4) S’INNOLTRA(Par. 21.94, «però che sì s’innoltra ne lo abisso»). E’ l’unica volt ache Dante usa questa
parola, che non ricorrerà nemmeno fuori corpus in tutto il Trecento. E’ considerato “verbo
informativo” e viene glossato ‘se delunga’ e ‘passa oltre’. Questa parola sembra, tuttavia, ricomparire
nel XVI secolo( la prima attestazione è nelle novelle di Pietro Fortini), ma soprattutto nel 1600 conosce
diffusione in diversi autori, quali, ad esempio, Leopardi e Manzoni. Il verbo è tutt’ora comunemente
adoperato, sia nella forma riflessiva che in quella transitiva attiva , persiste anche il participio passato
con valore di aggettivo “inoltrato” nel senso di ‘avanzato’ e non di ‘evoluto’).
VOCE GRADIT:
- INOLTRARE=1) presentare e trasmettere per via gerarchica o attraverso le usuali forme buro cratiche.
2) estens., avviare a destinazione. 3) milit. destinare a un determinato corpo, reparto e sim.
- INOLTRARSI= 1) addentrarsi, avanzare in un luogo; fig., di periodo di tempo, stagione e sim.,
procedere verso il culmine. 2 fig., iniziare un’attività uno studio e sim., o procedere in uno studio, in
un’attività già iniziata, spec. impegnativa
- INOLTRATO= 1) agg./p. pass. > inoltrare, inoltrarsi. 2)agg. avanti nel tempo, avanzato.

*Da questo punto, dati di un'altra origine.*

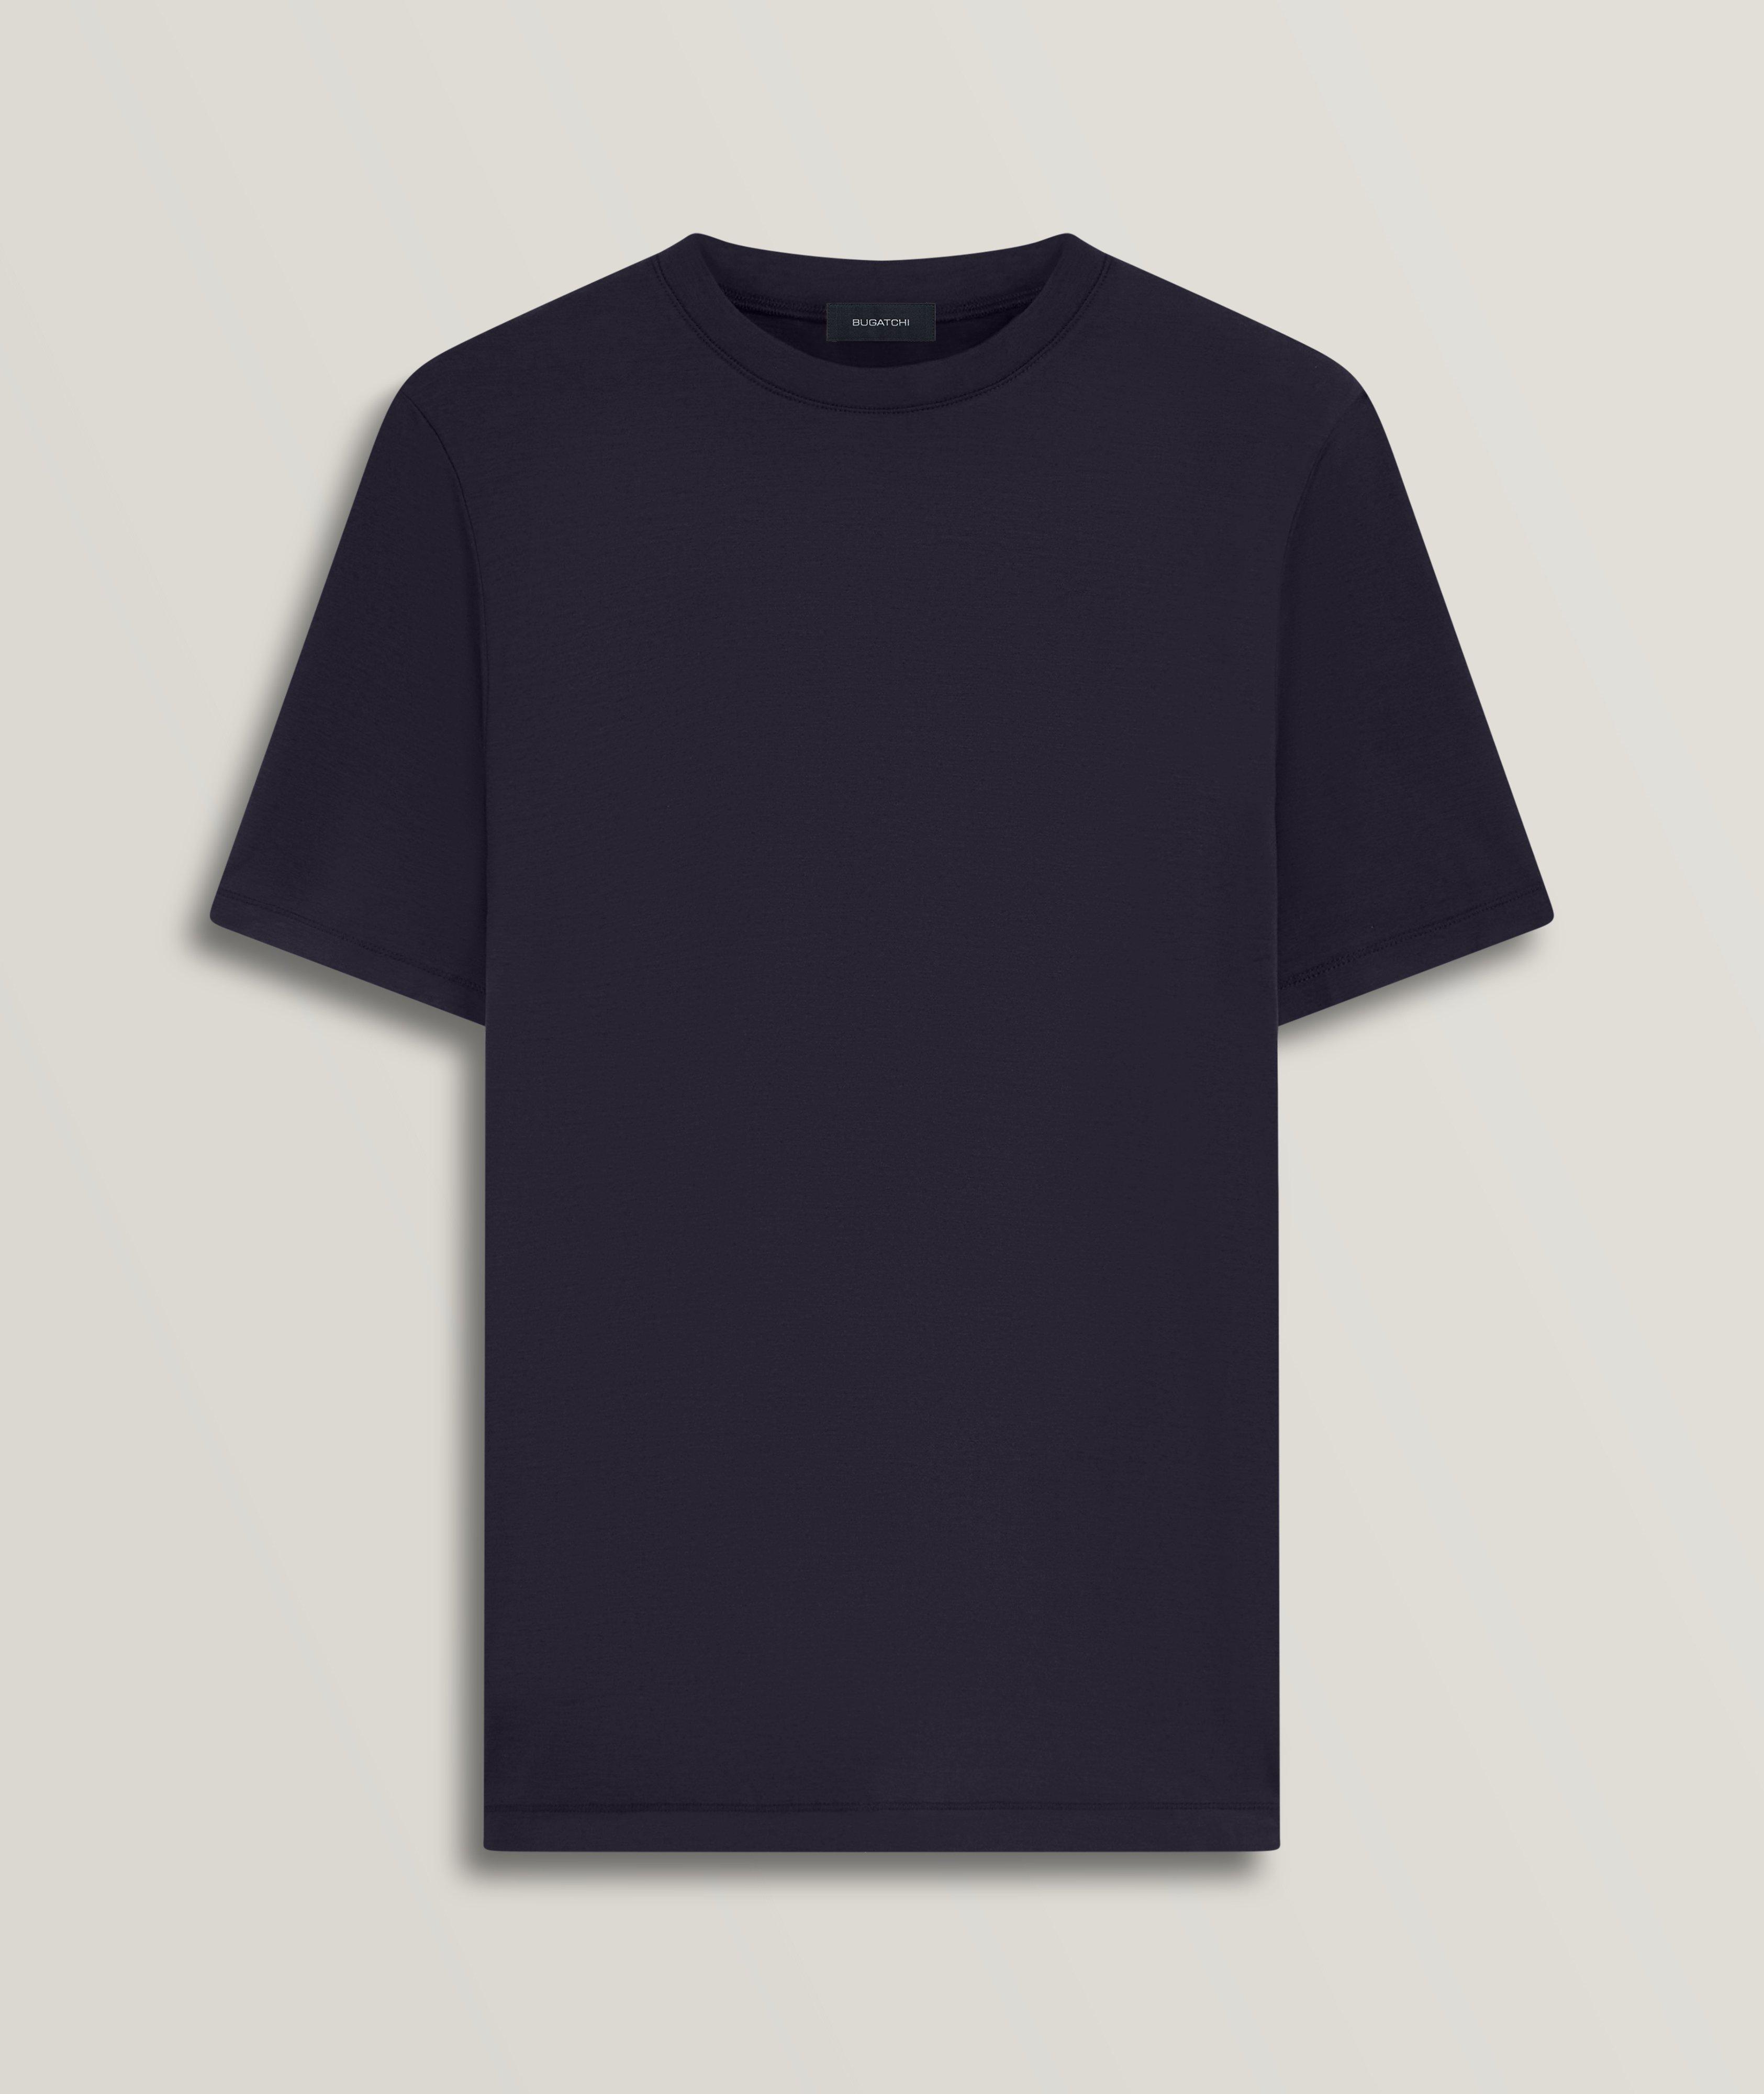 UV50 Performance T-Shirt image 0
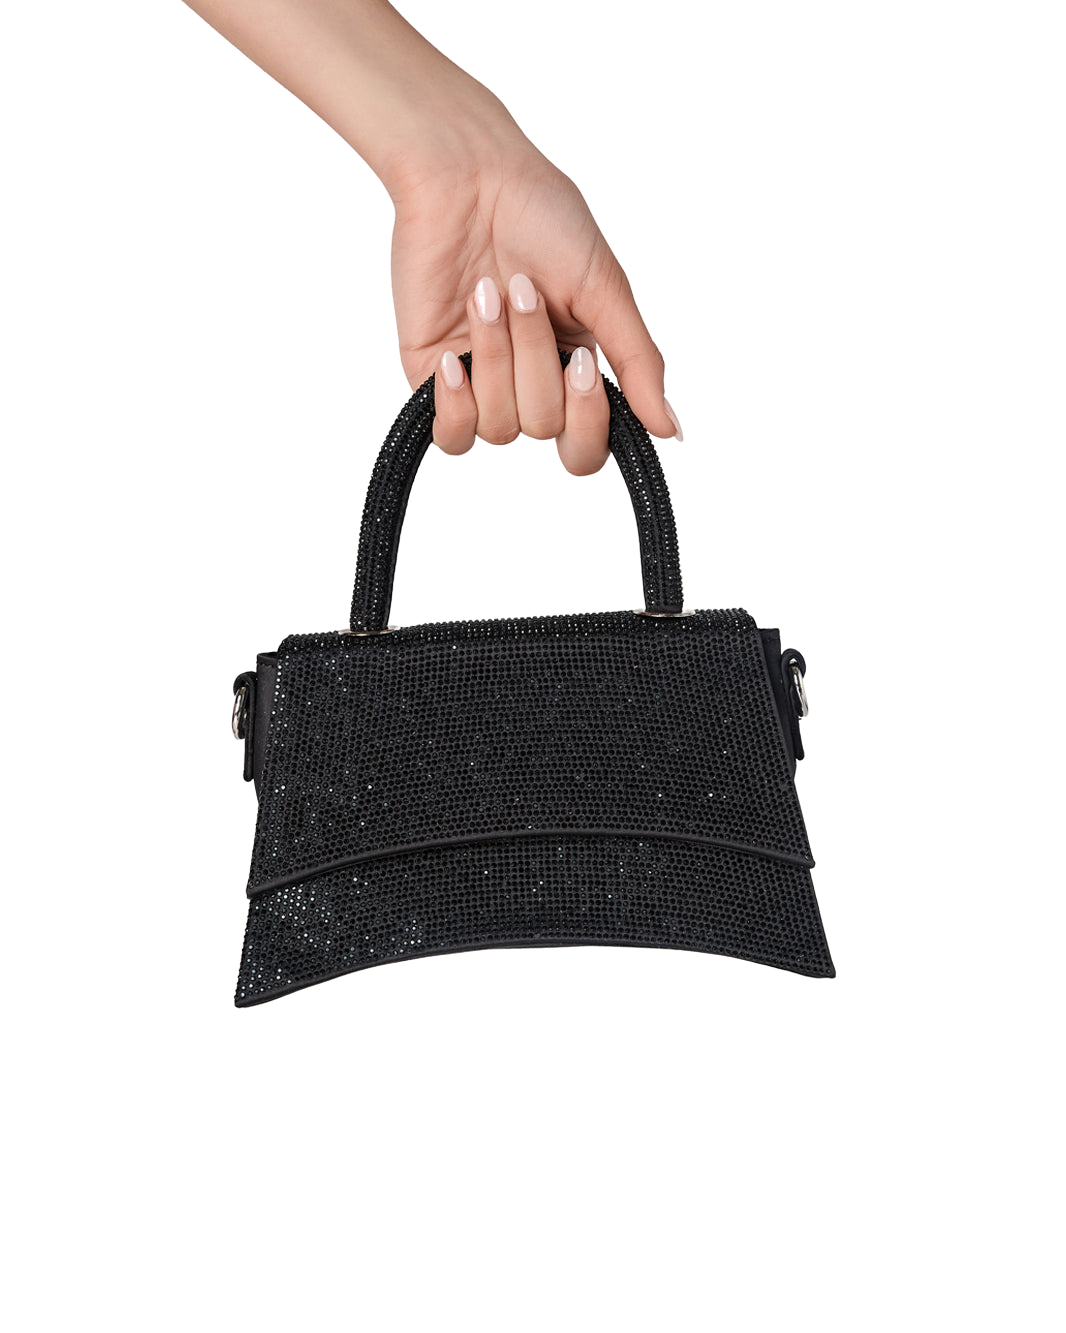 Alana Black Handbag

5) TRASCOLOR/TRASCOLORAR(canto 27 Par.): all’inizio del canto 27 del Paradiso, nel cielo delle Stelle
Fisse, san Pietro prorompe in una veemente invettiva contro il suo corrotto successore Bonifacio VIII,
mutando apparenza come se fosse Giove che si tramuta in Marte(vv. 19-21, «Se io mi trascoloro, / non
ti maravigliar, ché, dicend’io, / vedrai trascolorar tutti costoro»). Non si trovano altre attestazioni del
verbo nel 1300, se non nei commenti di Jacopo della Lana, dell’Ottimo e di Francesco da Buti . I
concetti che si intrecciano sono, comunque, quelli di ‘mutamento (di colore)’ e quello della causa di
tale cambiamento: l’ira, il desiderio di giustizia. Esclusi questi uso, il verbo riappare solo nel secolo
successivo, nella forma transcolorare nel Timone di Matteo Maria Boiardo, con il significato di
‘impallidire’ («De la paura ancor mi transcoloro»), significato che prevale nelle attestazioni rilevabili
dal xvii sec. in poi. L’uso è prevalentemente riflessivo o intransitivo, ma non mancano esempi con
valore transitivo. Nel TB è registrato il deverbale trascoloramento e nel GDLI anche i participi con
valore aggettivale trascolorante e trascolorato. Gabriele D’Annunzio adopera poi il metaplasmatico
trascolorire . La forza vitale di questo verbo risiede nella sua moderna poeticità, nella sua valenza
simbolica e nella forza evocativa del prefisso TRAS-, che richiama verbi come “trasmutare”.
VOCE GRADIT:
- TRASCOLORARE= 1)cambiare colore. 2) impallidire, spec. per l’emozione; 3)fig., trasformarsi. 4) far
cambiare colore.
- TRASCOLORARSI= 1) cambiare colore. 2) impallidire. 3) cambiare, trasformarsi.
-TRASCOLORAMENTO= il trascolorare e il suo risultato.